= Håvard Jostein Haugen =

Norwegian professor

Håvard J. Haugen (born January 23, 1975) is a Norwegian professor. He is Head of the Department of Biomaterials in Faculty of Dentistry at University of Oslo, Norway.

== Education ==
In 2021, Haugen completed his Master in Chemical Engineering at the Imperial College of Science, Technology and Medicine in London, United Kingdom. Haugen earned a doctoral engineering from the Technische Universitat Munchen in 2004. His PhD thesis title was "Development of an implant to heal gastro-oesophageal reflux diseases."

== Career ==
Haugen worked as a researcher in the biological group: "bioloeart gical hvalves" at Helmholtz Institute for Biomedical Engineering, RWTH Aachen in Germany. He worked as a researcher at the Centre for Tissue Engineering and Regenerative Medicine, Imperial College London in UK. Between 2001 and 2004, he worked at the Central Institute for Medical Engineering at the Technical University of Munich.

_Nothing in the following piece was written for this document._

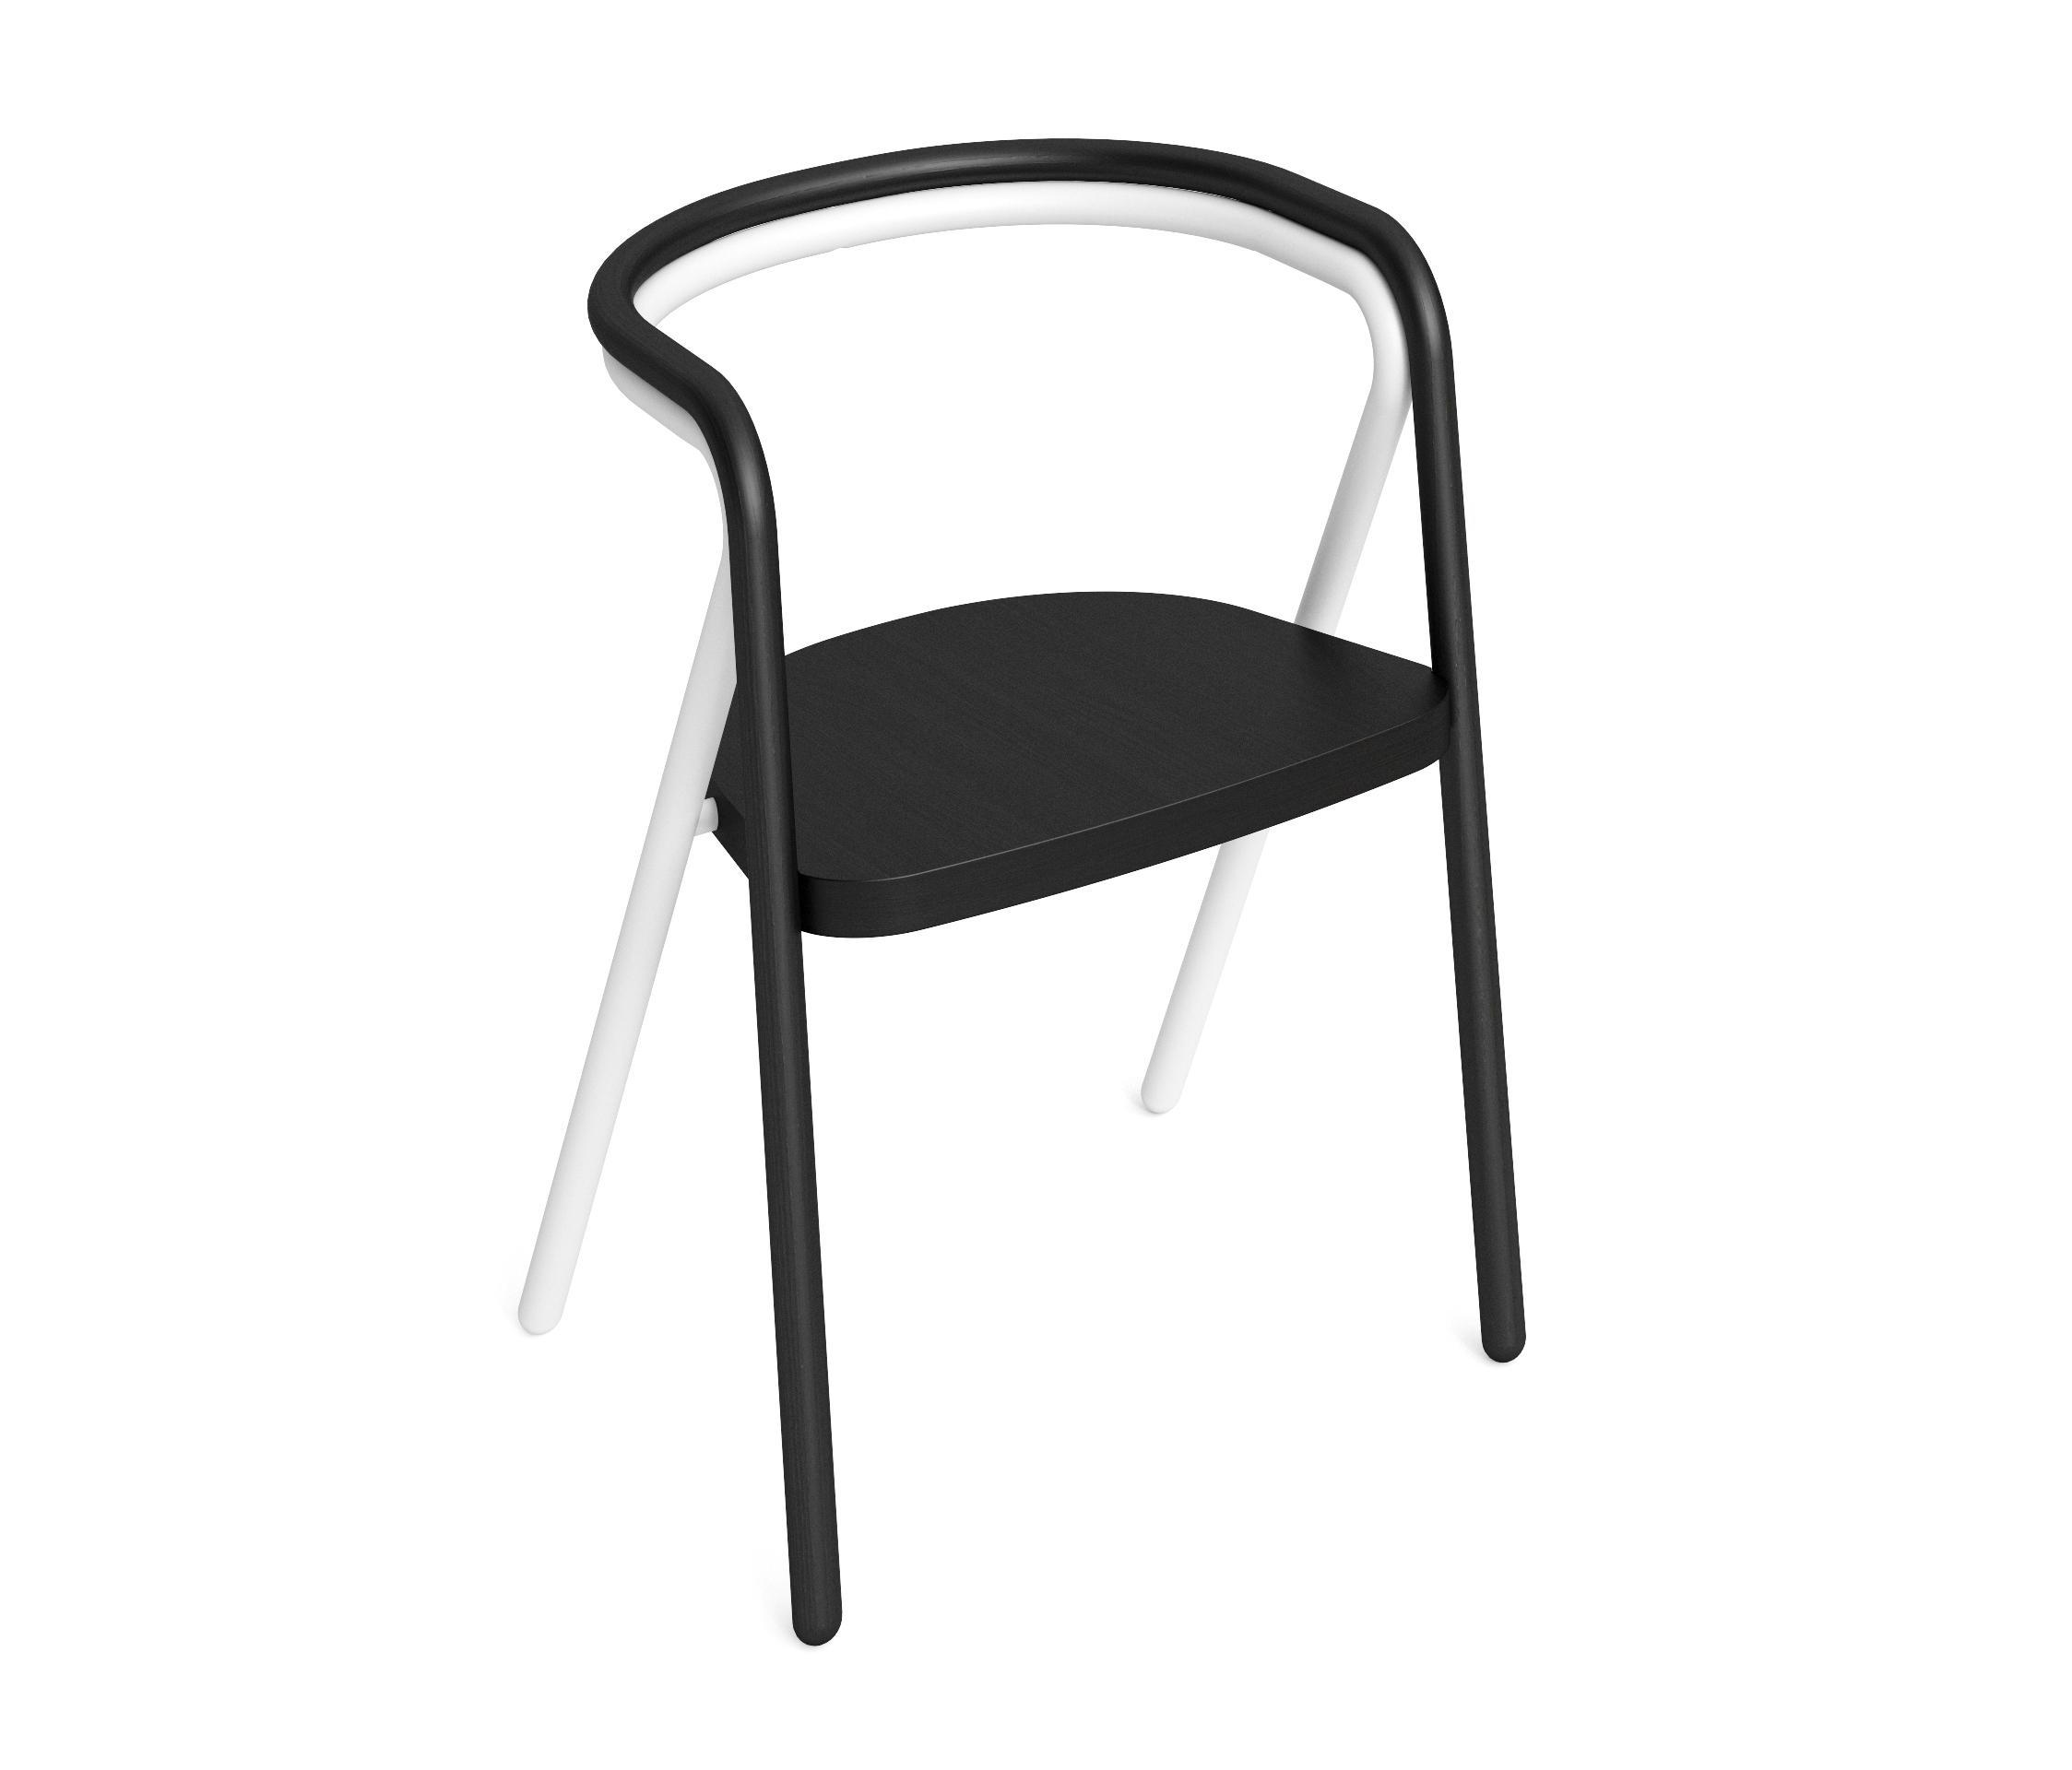 Bakery工作室 Bakery Studio| Chair 2 Chair 2
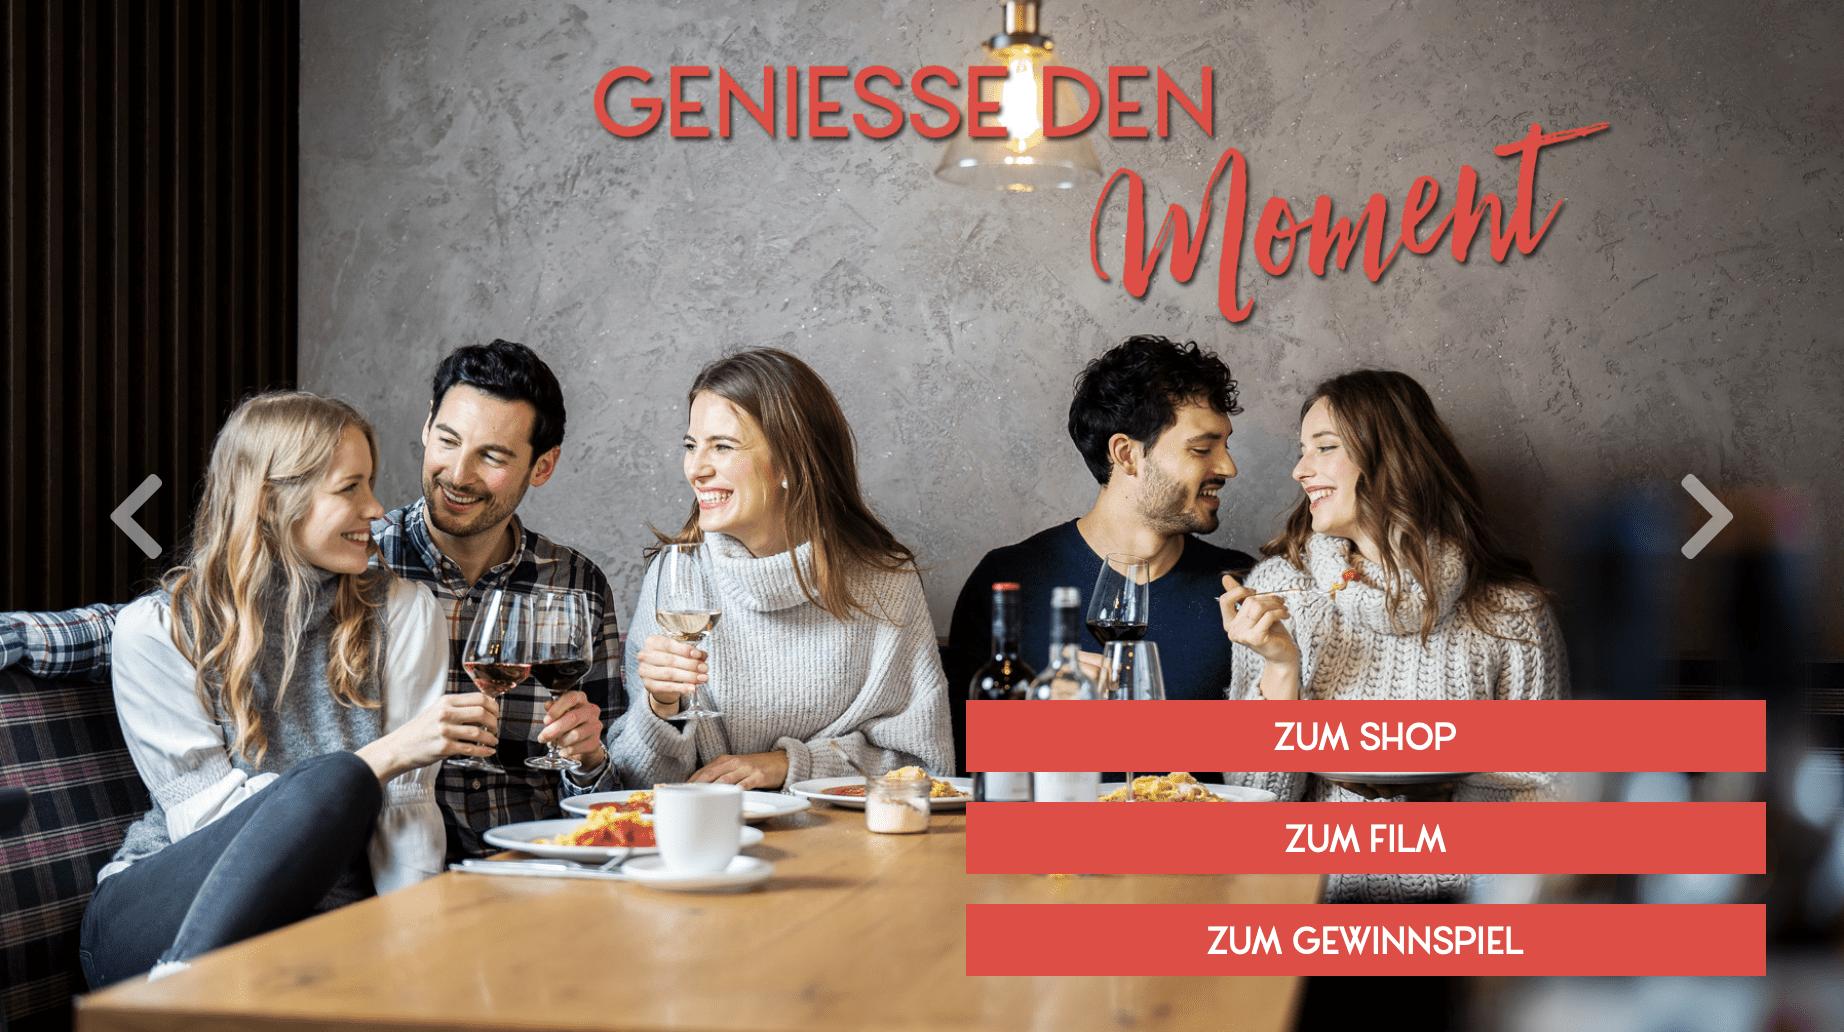 Gewinnspiel-Cases FMCG Getränke Oberkircher Winzer

He was a Postdoctoral researcher at the Department of Biomaterials, Institute of Clinical Dentistry, University of Oslo from 2005 to 2009. Since 2014, he has been a professor and Head of Department of Biomaterials at University of Oslo.

== Research ==
Haugen`s research interest focuses on biomaterials and bone regeneration. His research areas include biomaterials science, medical devices, bone graft, dental materials and orthopaedics.

== Awards ==
In 2000, Haugen received The British Petroleum Prize in Chemical Engineering, London, UK. Three years later, he received The City and Guild Associateship Award in Chemical Engineering, London, UK. He won the German Innovation Award in Germany, in 2009.

== Organizational affiliations and recognition ==
Between 2012 and 2016, Haugen was the President of the Scandinavian Society for Biomaterials. He is the project manager and recipient of the Research Council of Norway funded research grant between 2022 and 2027, with project title: "Multispecies biofilm for investigate non-antibiotic therpies in dentistry (MISFAITH)".